What are to make of all this? Is the right of privacy in the European Continent just as dead as on the other side of the Atlantic Ocean? Is there anyone we can hold accountable for these flagrant intrusions in our daily lives? We cannot expect the intelligence agency’s to change their own ethics. The GCHQ is still convinced that there is nothing wrong with their behavior. ‘This is secret work, it is secret intelligence, it is secret for a reason, and a reason that is to do with protecting all the people of this country." At an inquiry of the civil liberties commission of the European Parliament, there was an empty seat reserved for Sir Ian Lobban, the head of GHCQ who refused to account for his obtrusive infringements of the European’s privacy, claiming that the intelligence and national security were none of the EU’s business.

And while there are some excellent politicians who are doing a great job, the bitter truth is that the majority of the politicians buy the terrorist/pedophilia rhetorics the intelligence agencies always professes. It is startling that after the revelation of the AIVD, the Dutch parliament refused to hold a public debate in plenary about this matter. And instead of being worried about the privacy of their citizens and the acts of their intelligence agency, the English Parliament approved the Data Retention and Investigatory Powers Act last summer, which greatly expands the GCHQ’s power.

What then could be our bright hope in these dark winter days? It appears that the judiciary, the latest safeguard in a democratic system, might be willing and able to step in. The Commissioner of Human rights of the Council of Europe, Nils Muiłnieks, has just released a report in which he states that “In connection with the debate on the practices of intelligence and security services prompted by Edward Snowden’s revelations, it is becoming increasingly clear that secret, massive and indiscriminate surveillance programmes are not in conformity with European human rights law and cannot be justified by the fight against terrorism or other important threats to national security.
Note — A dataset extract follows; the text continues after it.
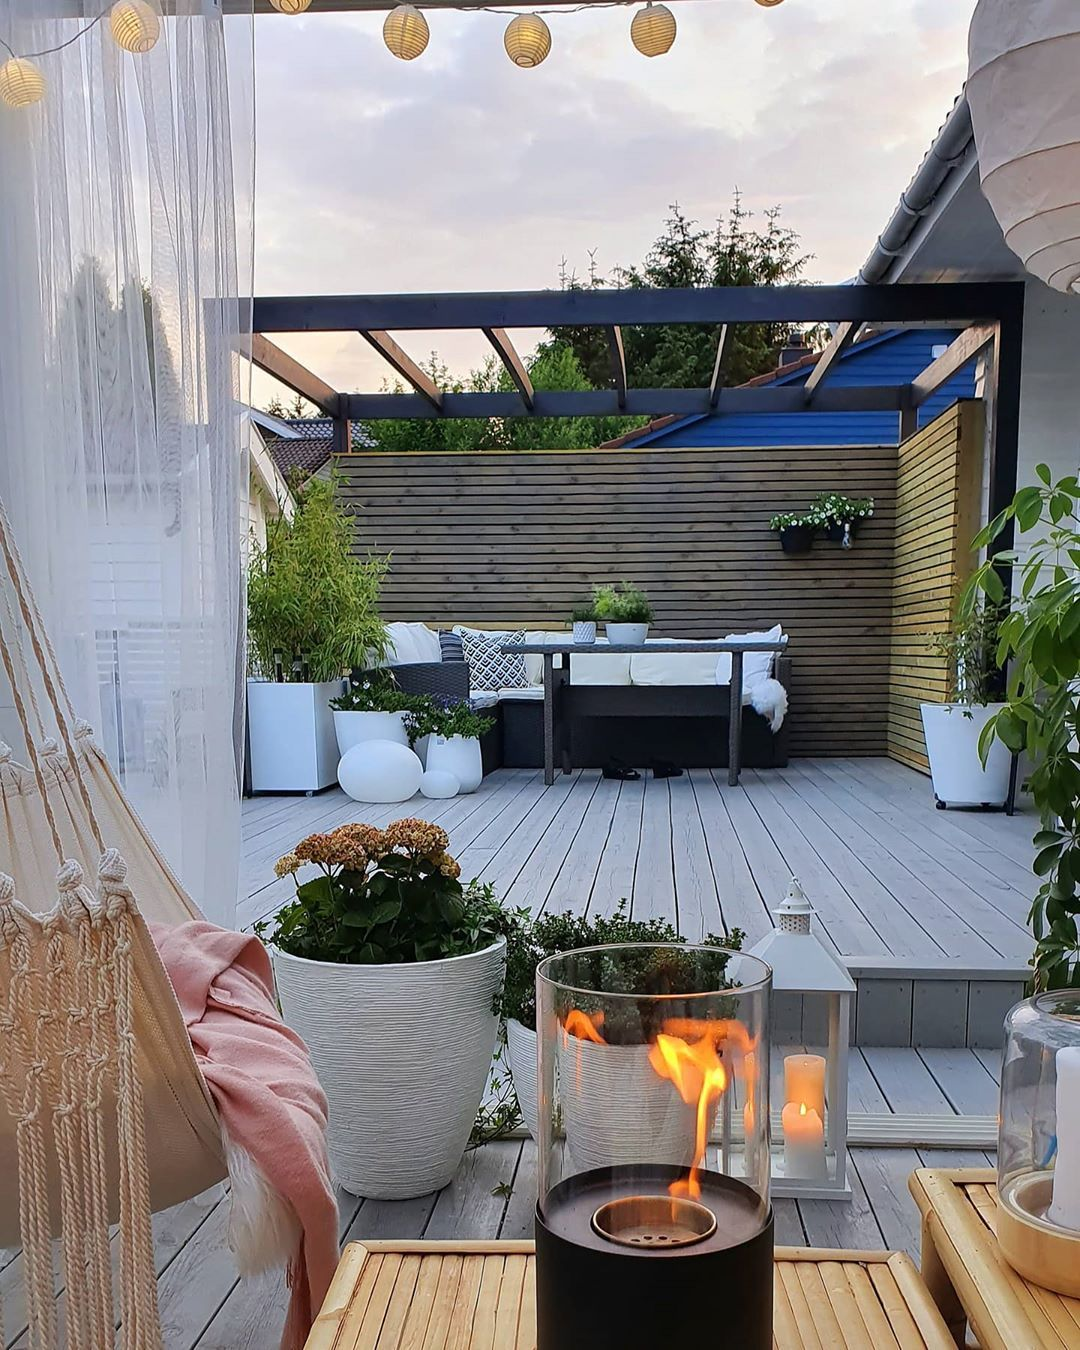 ~My view~ #minhage#hagestue#terrasseinspiration#terrasseliv#terrasse#trädgårdsinspiration#trädgård#pergola#gardeninspiration#gardenlife#garden#outdoors

Such interferences can only be accepted if they are strictly necessary and proportionate to a legitimate aim.” This is significant good news, as mr Muiłnieks has a right to intervene in cases sent to the European Court of Human Rights (ECtHR? ). And in September, an appeal has been submitted by civil rights groups to the same court for disclose of the so called ‘Five-Eyes’ Treaty, the treaty that authorizes intelligence sharing between the USA, UK, Australia, Canada and New-Zealand. The ECtHR? has supremacy over domestic law, which could thereby play a vital role the battle against mass surveillance. If they do not do that, the stronghold that was once called privacy will definitely fall.

What I don't understand about your essay is the idea that any of this is new. There has never been any "rechtsstaat" concerning government listening in any European nation. Every European society makes no distinction between national security listeners and law enforcers, moreover, so that the absence of any rule of law over listening extends to nationals and non-nationals alike.

This is not to say that there are no national cultures concerning listening. We could discuss, not in this forum, the Dutch traditions, contrasting them with those of the French and the British, or even the Belgians. But we would at no point be discussing law, of which there has never been any.

Belgacom is just a phone company. Both the US and the UK listeners (who are essentially one team, with the UK listeners freed of the rule of law inside the US, which is helpful to the US listeners, who didn't use to be, and still in many ways aren't) are inside every European telecommunications system, and indeed inside every telecomm system in the world. There's nothing special about Belgacom, or about the EC, as targets of US listening. You're just expressing shock because you think you live in a transparent democracy in which people are supposed to be informed.

So what's the point of the essay, really? Outraged naivete? A mysterious belief that a secondary European tribunal is going to change hundreds of years of unbroken European practice of extralegal listening overnight, in an order? I'm puzzled.